>>

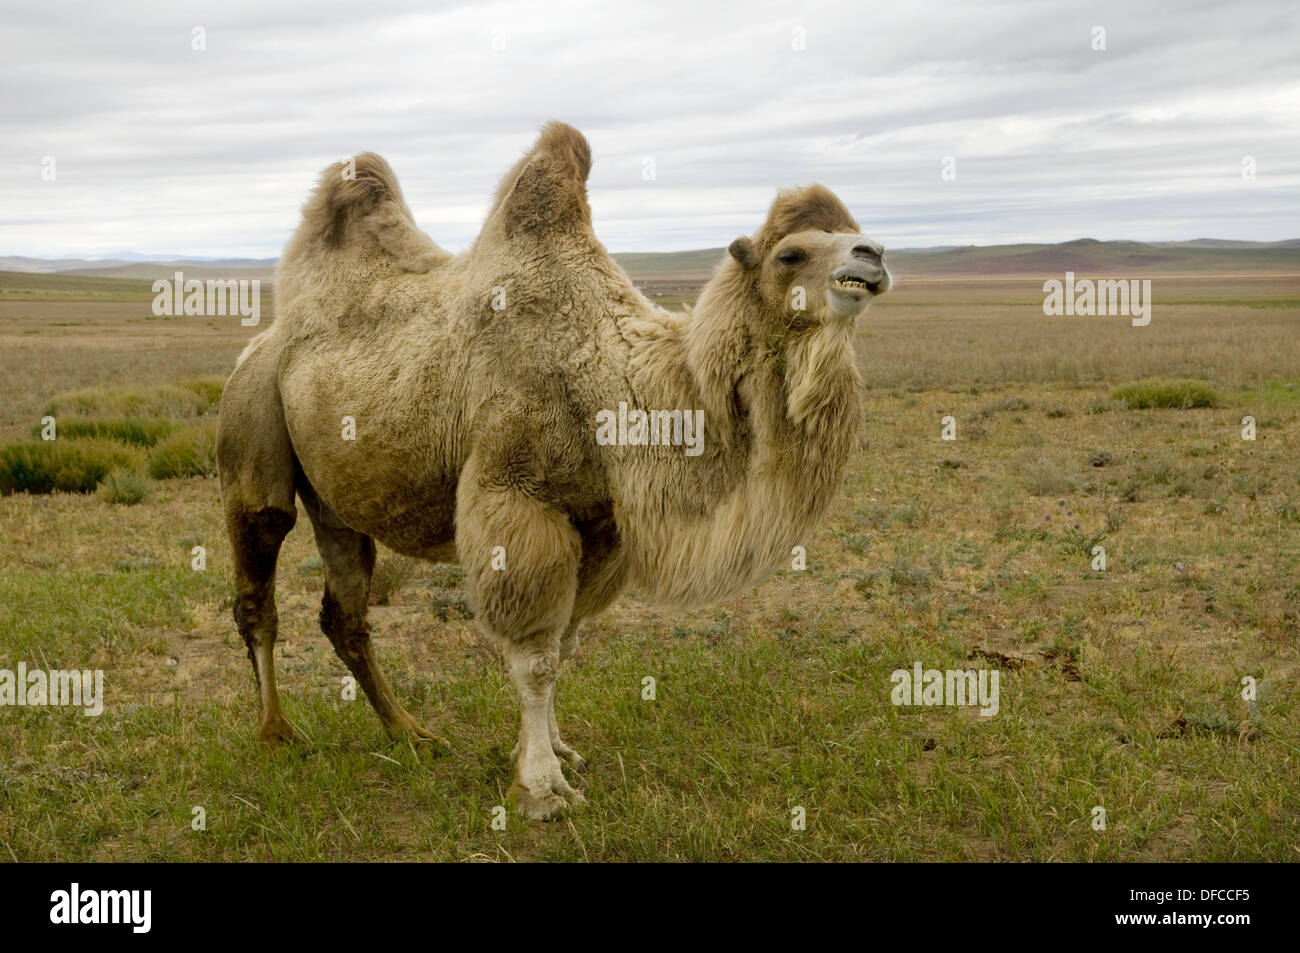 A Bactrian camel in the Gobi desert Stock Photo - Alamy
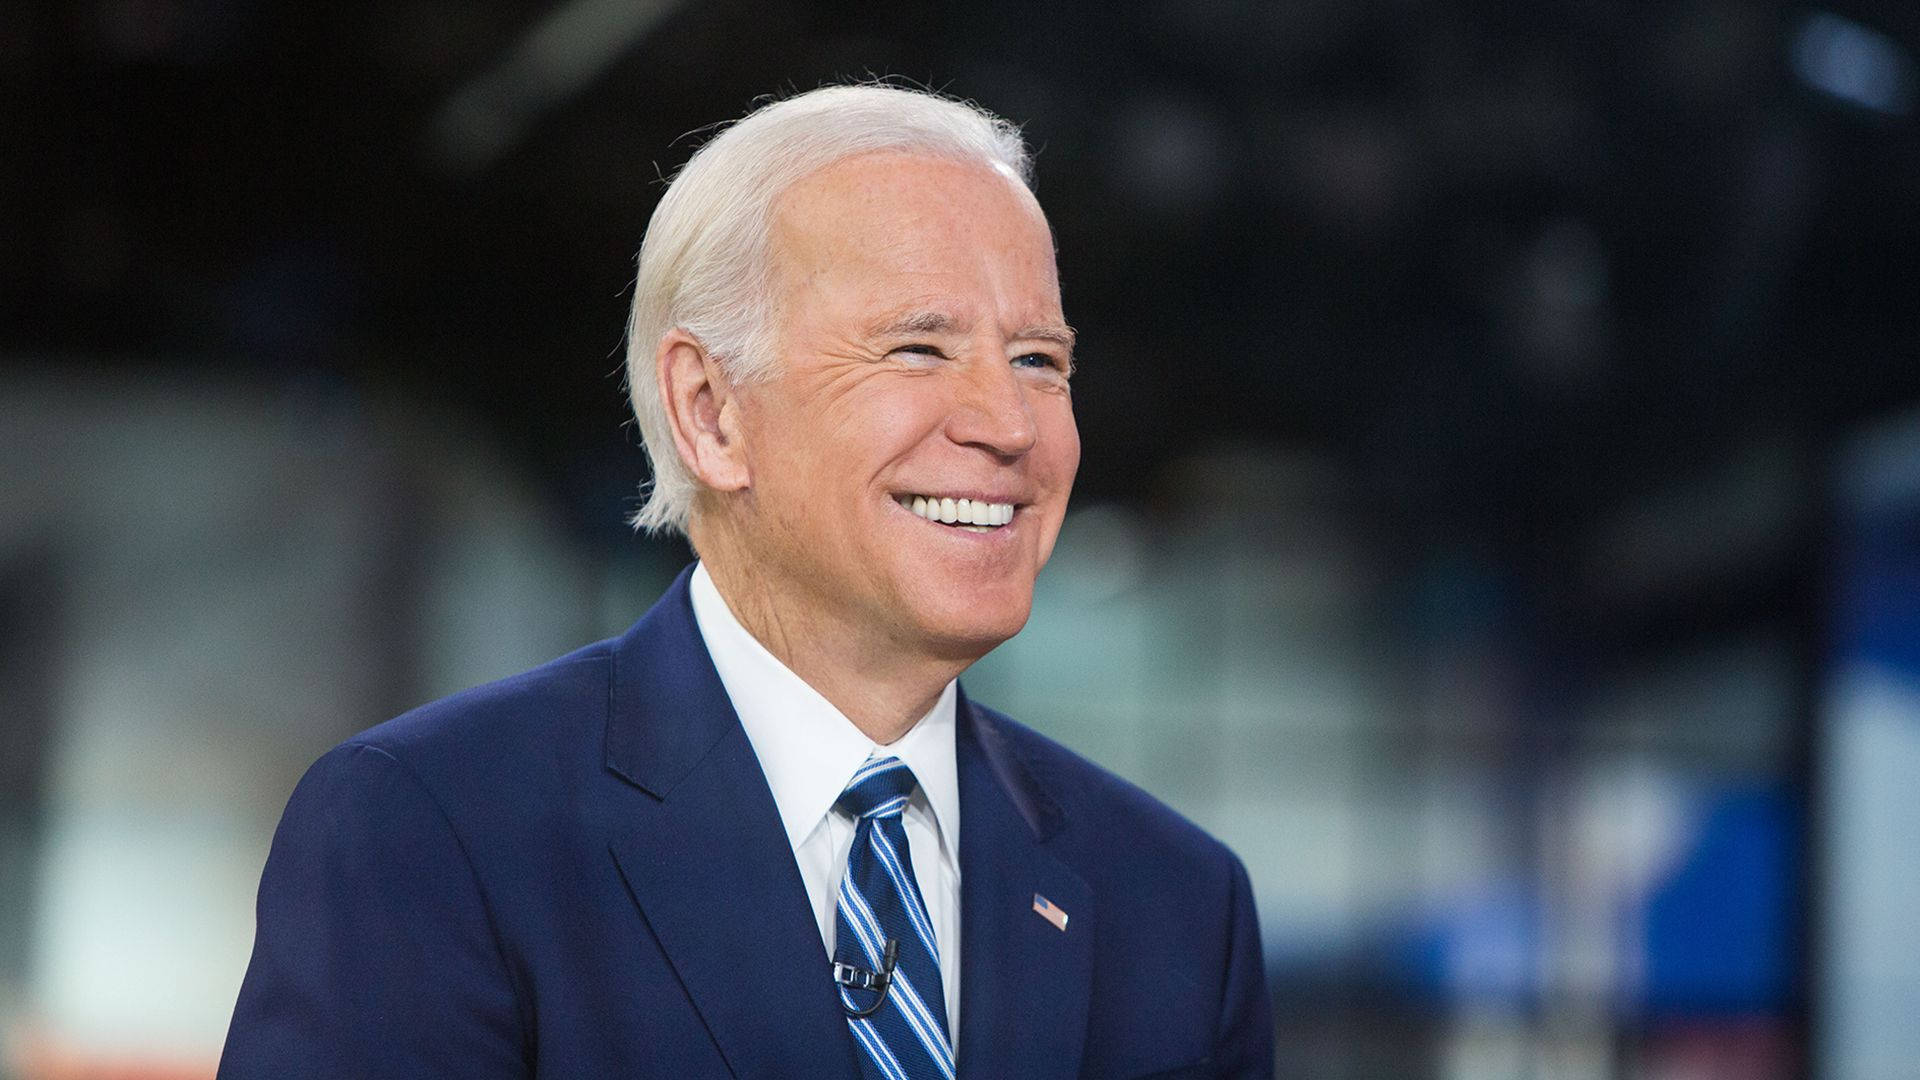 Smiling Joe Biden
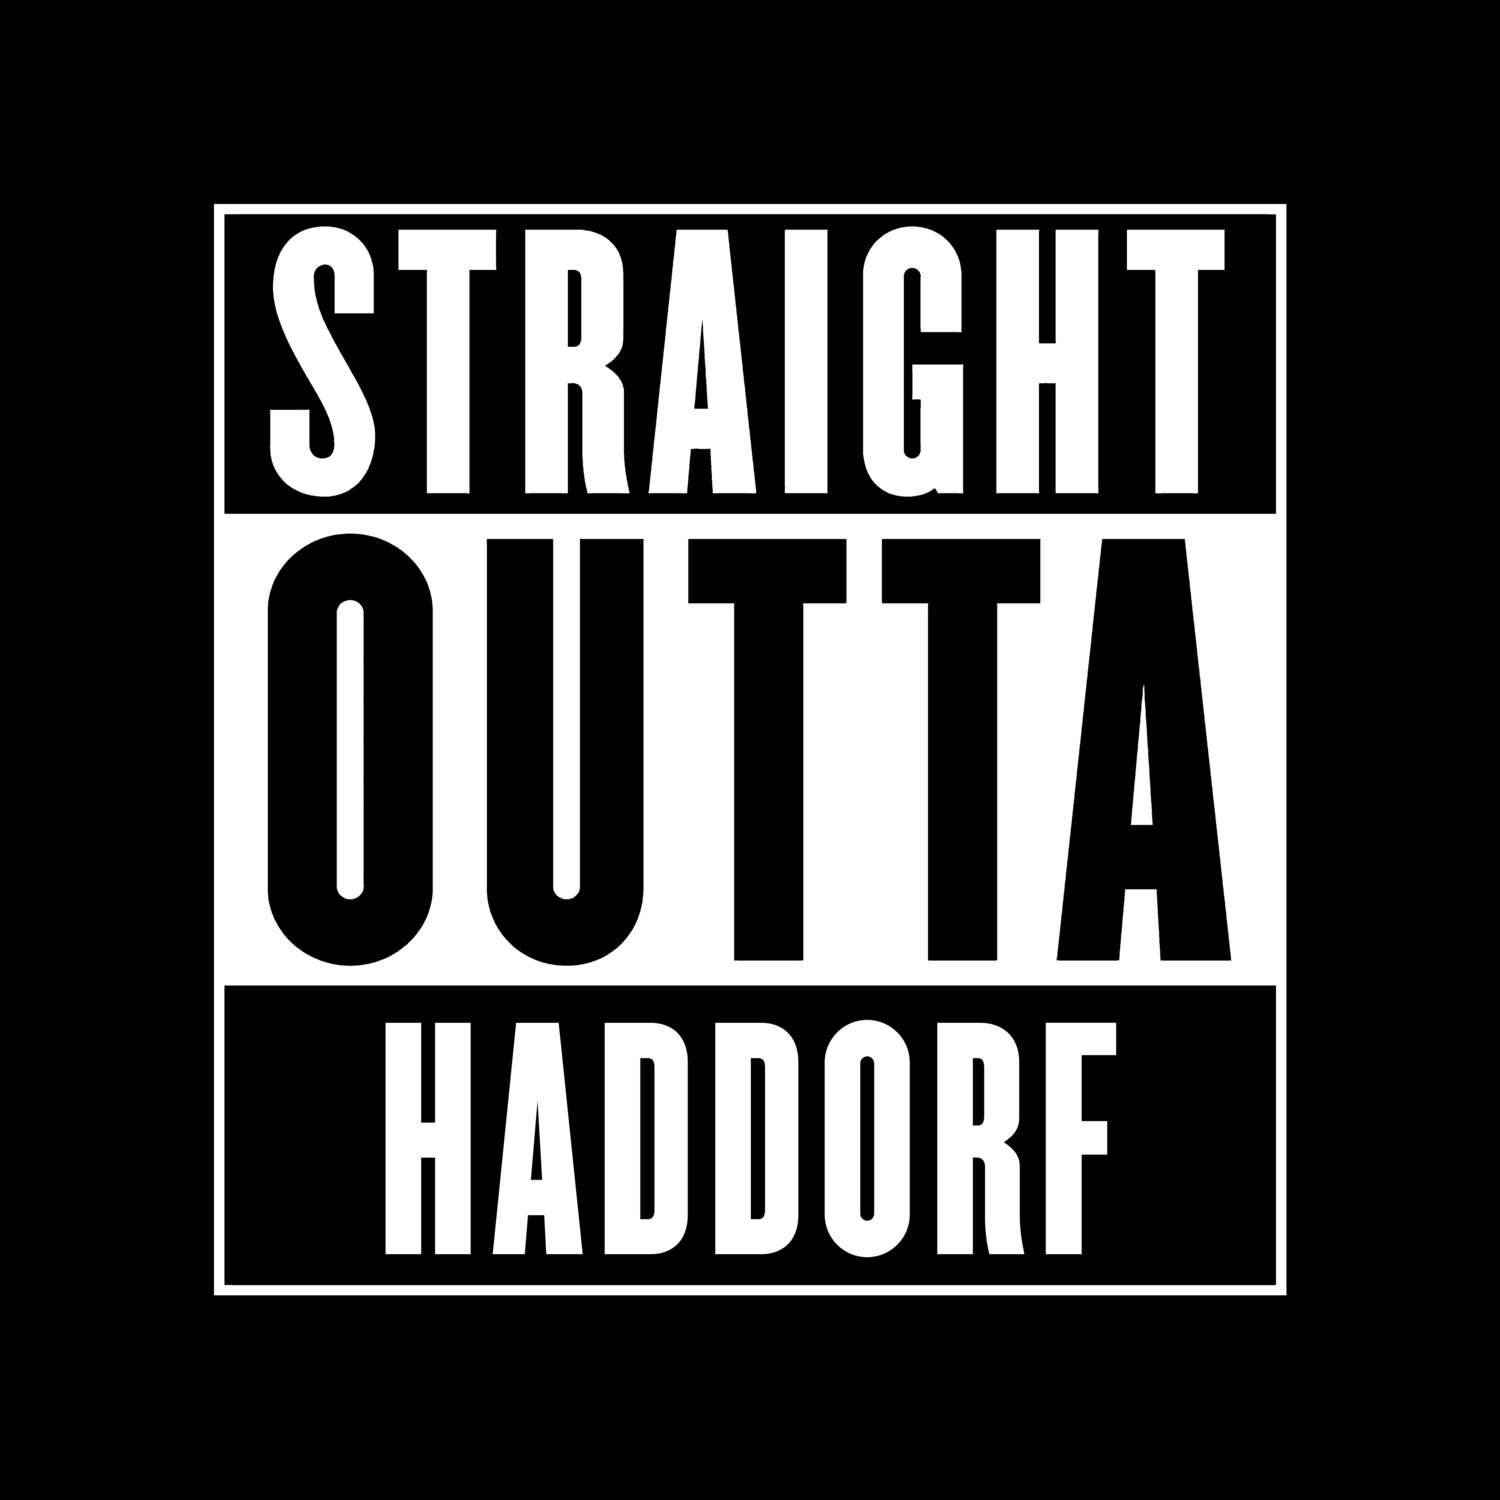 Haddorf T-Shirt »Straight Outta«
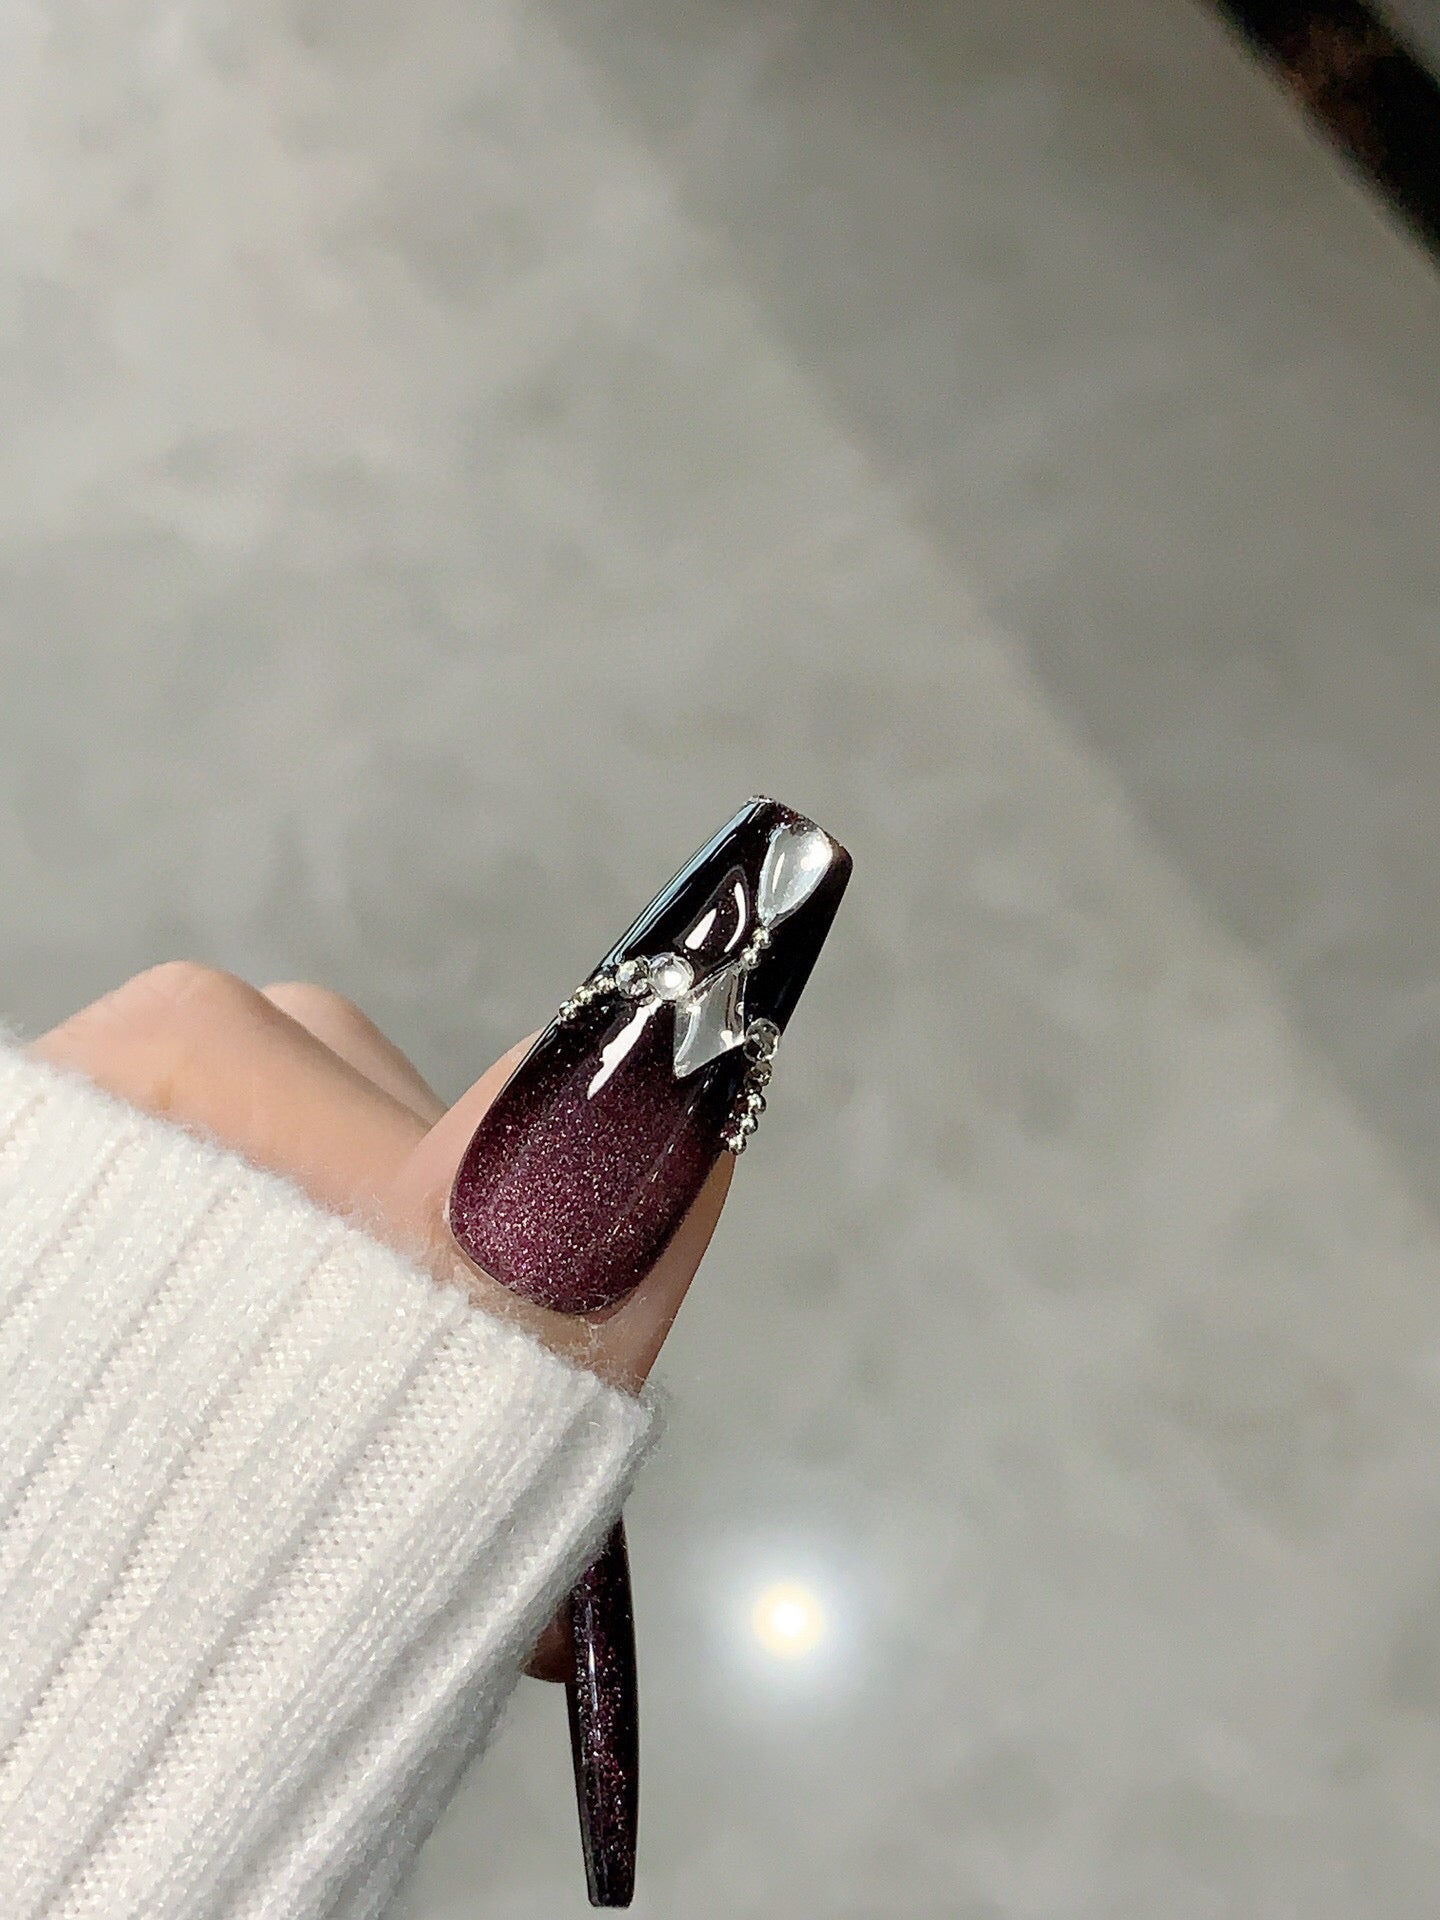 Luxury handmade nails | purple and black shining | press-on fake nails | reusable long nails

<<

» Your objective: Skip the pictures and copy exactly the lines from the one containing "Smiling Joe Biden" through the end of the material, both ends included.

» Output below:
 Smiling Joe Biden
 Haddorf T-Shirt »Straight Outta«
 Luxury handmade nails | purple and black shining | press-on fake nails | reusable long nails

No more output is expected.